With inflation rate currently hovering above 21per cent in 2023 we can understand how terribly bad the economic situation really is. And that reminds me of my response to the Structural Adjustment Programme (SAP) under the famed IBB days. ‘SAP CARES’ was the title of my related poem: ‘Who cares if you are jobless and homeless, helpless and hopeless?/SAP cares – Struggle and Persevere./Who cares if the Naira tumbles from grace to disgrace and is trampled upon daily by the daring dollar?/SAP cares, Suffer and Pray. ‘Who cares if there is brain-drain and looters become lords/and sinners become saints and the Nigeria of our collective dream is sapped daily by the greed of a chosen few/. Who cares?/ Who cares? Who cares?/ SAP cares, like it is not, or Sink and Perish. That was in 1988. Going further, I wrote another one with the title: Requiem for the Naira. It goes like this: ‘Once upon a time/ our naira danced with the Dollar and yawned at the Yen./ She laughed at the Lira and frowned at the Franc/. She saddled the Cedi and marched with the Mark./Once upon a time before our economic eggheads bruised and battered her down to her begging knees.

When will she rise again? Our Naira to walk the streets with pride, When? When? When?/ That came way back in 1988. The answer is most unfortunately, still hanging in the wind. The point being made here is for our opinion molders, policy makers and political leaders to make out the time to read and take the writings of their authors most seriously.

They should listen to the voices of reason. The best way forward therefore, is for Nigerians who truly care about the affairs of the country to connect back to the people they claim to lead. To begin with, read through the Introduction to my collection of poems, ‘Petals and Thorns, Truth and Blood’ © 1994. My dear reader, come, let us reason together. Let us brainstorm on the plights of the common man: the beggar in the street, the orphan in the orphanage, the homeless under the flyover bridge, the grey-haired peasant farmer still scrounging the hardred soil to harvest a hope, the childless woman whose neck was crushed yesterday by the firewood fetched for tomorrow’s market place, the poorly paid civil servant who is handed peanuts, devoured daily by the inflation monster. Let us think together about those hunted by the pangs of penury; from whom much is taxed and taken but to whom little or nothing is ever returned. He is the common man-the flotsam and the jetsam of our society.

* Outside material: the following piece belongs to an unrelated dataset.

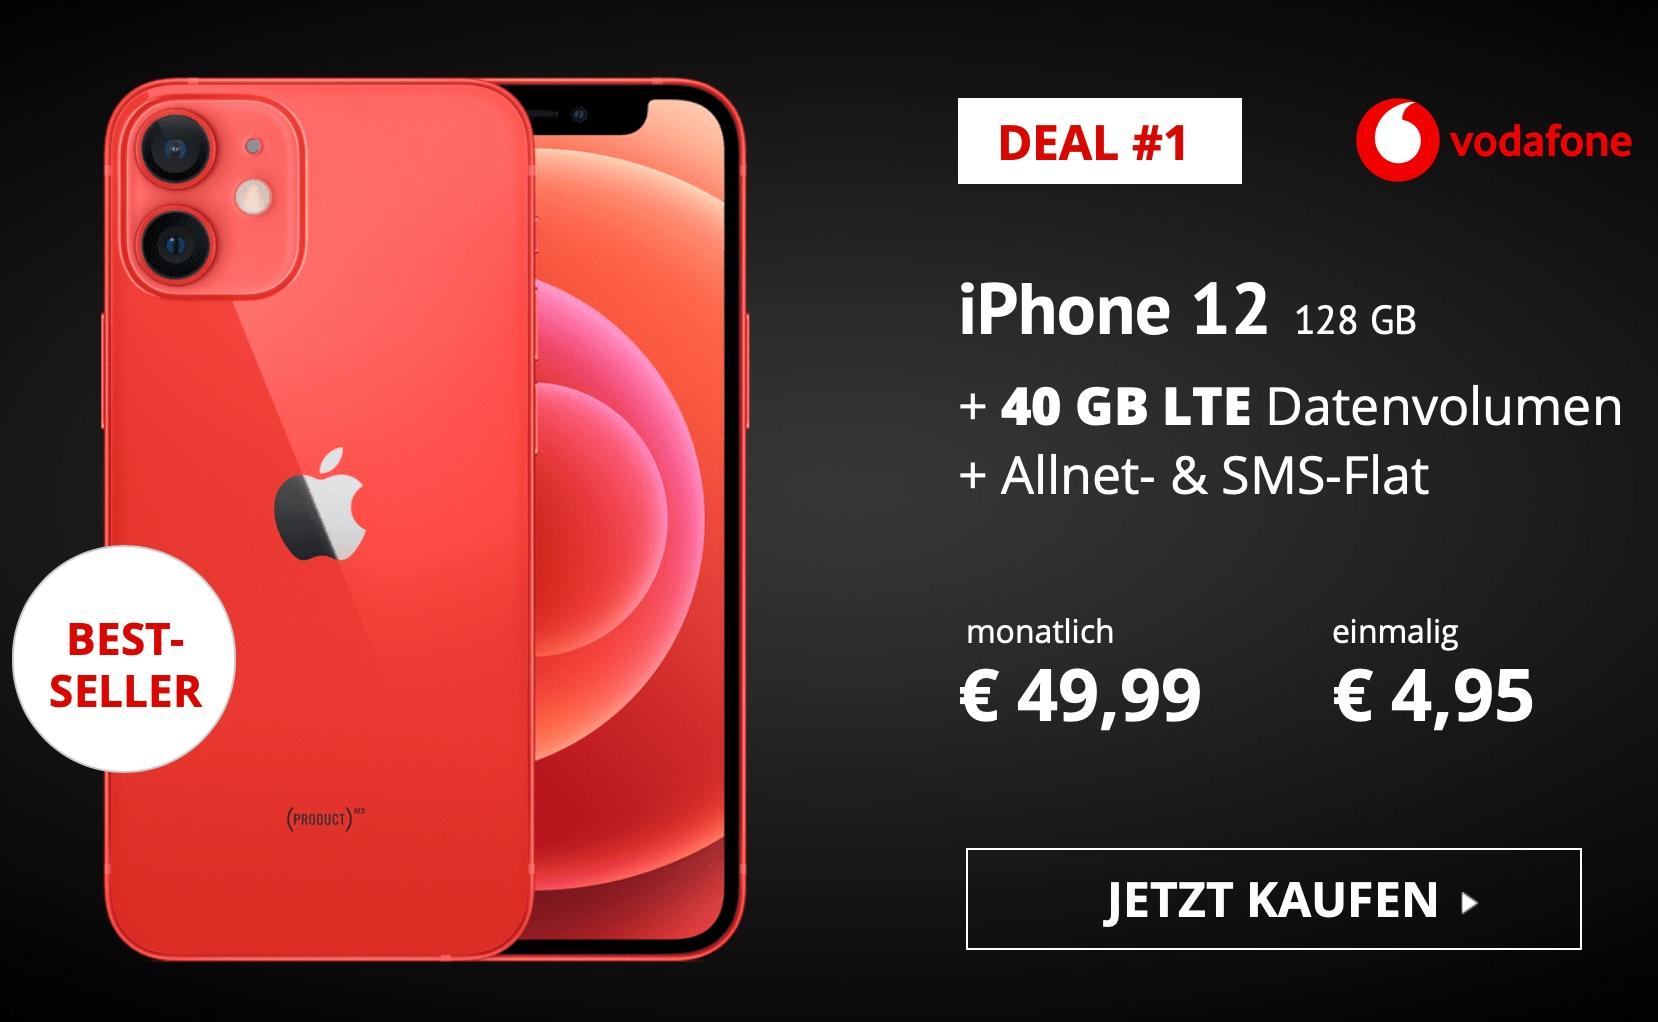 Apple iPhone 12 mit 128 GB inkl Skypods Lite, 40 GB 5G im Vodafone Netz, sofort Lieferbar, 1204,71€

The souls of our earth whose wishes have withered in the heat of graft, whose dreams have been aborted by the hunting hands of Greed. Yes, you and I are scions of this wretched breed. We, the so called elites, with our so called Western education must do away with Greed – the master magician changing with the chameleonic candour, from agbada to khaki and back again. Yes, Greed is still doing the dance of the demons that makes the angels to cry and the hearts of our patriots to bleed!